Ihram merupakan salah satu rukun haji yang harus dipenuhi oleh setiap jamaah. Dalam pelaksanaan ibadah ini, jamaah haji mengenakan pakaian yang tidak berjahit dan harus meninggalkan larangan ihram. Proses ini dimulai dengan niat ihram dalam hati dan diakhiri dengan tahallul.
Perempuan yang sedang haid atau nifas tetap diwajibkan untuk berniat ihram, baik untuk haji maupun umrah. Dalam hal ini, haid dan nifas tidak menghalangi mereka untuk melaksanakan ihram. Bahkan, sangat dianjurkan bagi jamaah haji perempuan yang sedang haid atau nifas untuk melakukan mandi ihram.
Rasulullah SAW pernah mencontohkan hal ini dengan memerintahkan seorang sahabat wanita yang sedang nifas untuk mandi sebelum berihram. Dalam sebuah riwayat, Siti Aisyah RA menceritakan bahwa Asma binti Umais melahirkan Muhammad bin Abu Bakar di Dzulhulaifah dan Rasulullah SAW meminta Abu Bakar untuk memerintahkan istrinya mandi sebelum berihram.

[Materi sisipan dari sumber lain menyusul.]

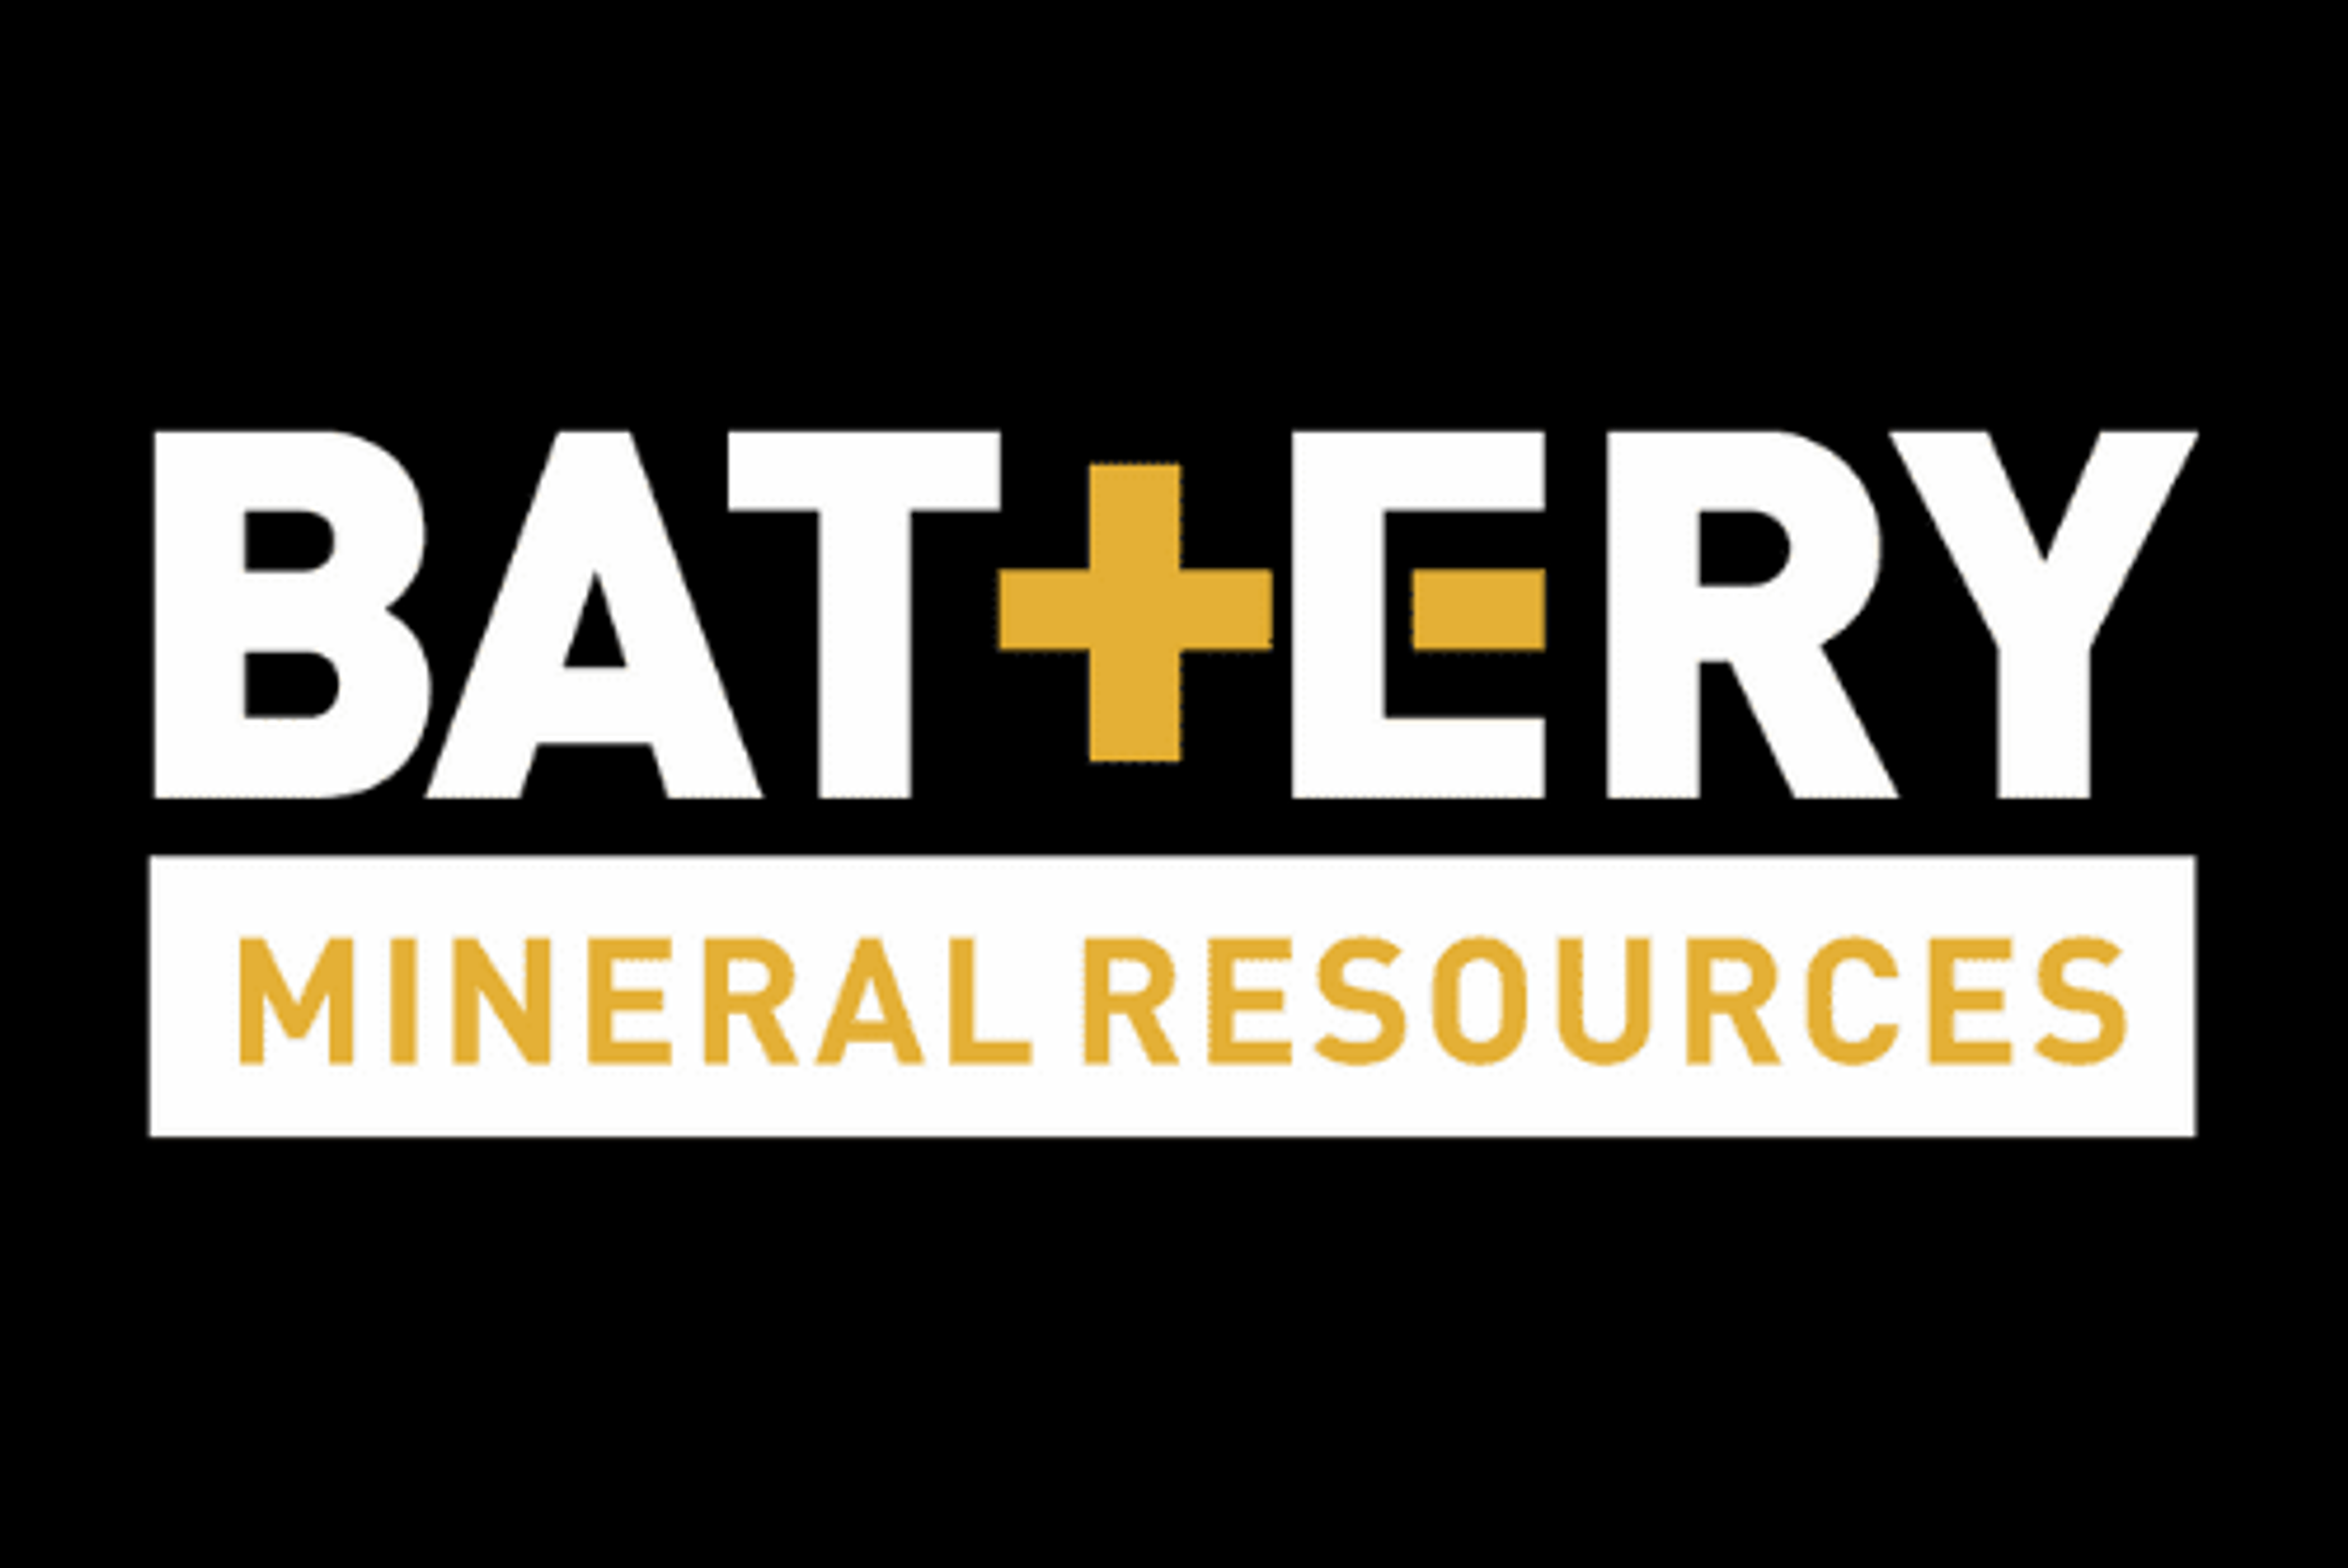 Battery Mineral Resources Announces Intercept of 34 Meters of 1.35% Copper from the Cinabrio Norte Target at Its Punitaqui Copper Mine in Chile

Dari sini, para ulama sepakat bahwa ihram bagi perempuan yang haid dan nifas tetap sah. Mereka dianjurkan untuk mandi ihram karena hal ini disepakati dalam berbagai pendapat ulama. Namun, mayoritas ulama dari Mazhab Malik, Abu Hanifah, dan jumhur menyatakan bahwa mandi ihram adalah suatu anjuran, sementara Imam Al-Hasan dan sebagian ulama zahiri berpendapat bahwa mandi ihram itu wajib.
Perempuan yang sedang haid atau nifas diperbolehkan untuk melaksanakan semua rukun dan wajib haji, kecuali tawaf dan shalat sunnah tawaf. Hal ini sesuai dengan sabda Rasulullah SAW yang menyatakan bahwa perempuan dengan keadaan ini diperbolehkan melakukan semua amalan haji kecuali tawaf. Selain itu, shalat sunnah ihram juga merupakan sunnah dan tidak menjadi syarat sahnya pelaksanaan haji.
Terkait tawaf, terdapat perbedaan pendapat di kalangan ulama. Sebagian ulama berpendapat bahwa tawaf bagi perempuan yang sedang haid tidak sah, sedangkan Imam Abu Hanifah berpendapat sebaliknya. Menurutnya, kesucian bukan merupakan syarat sah untuk melakukan tawaf, sehingga perempuan yang sedang haid atau nifas tetap dapat melaksanakan tawaf.
Dengan demikian, setiap rukun dan wajib haji yang dilaksanakan oleh perempuan yang sedang haid atau nifas tetap dianggap sah, kecuali tawaf. Perbedaan pandangan mengenai pelaksanaan tawaf bagi perempuan yang dalam kondisi haid atau nifas tetap ada di kalangan ulama.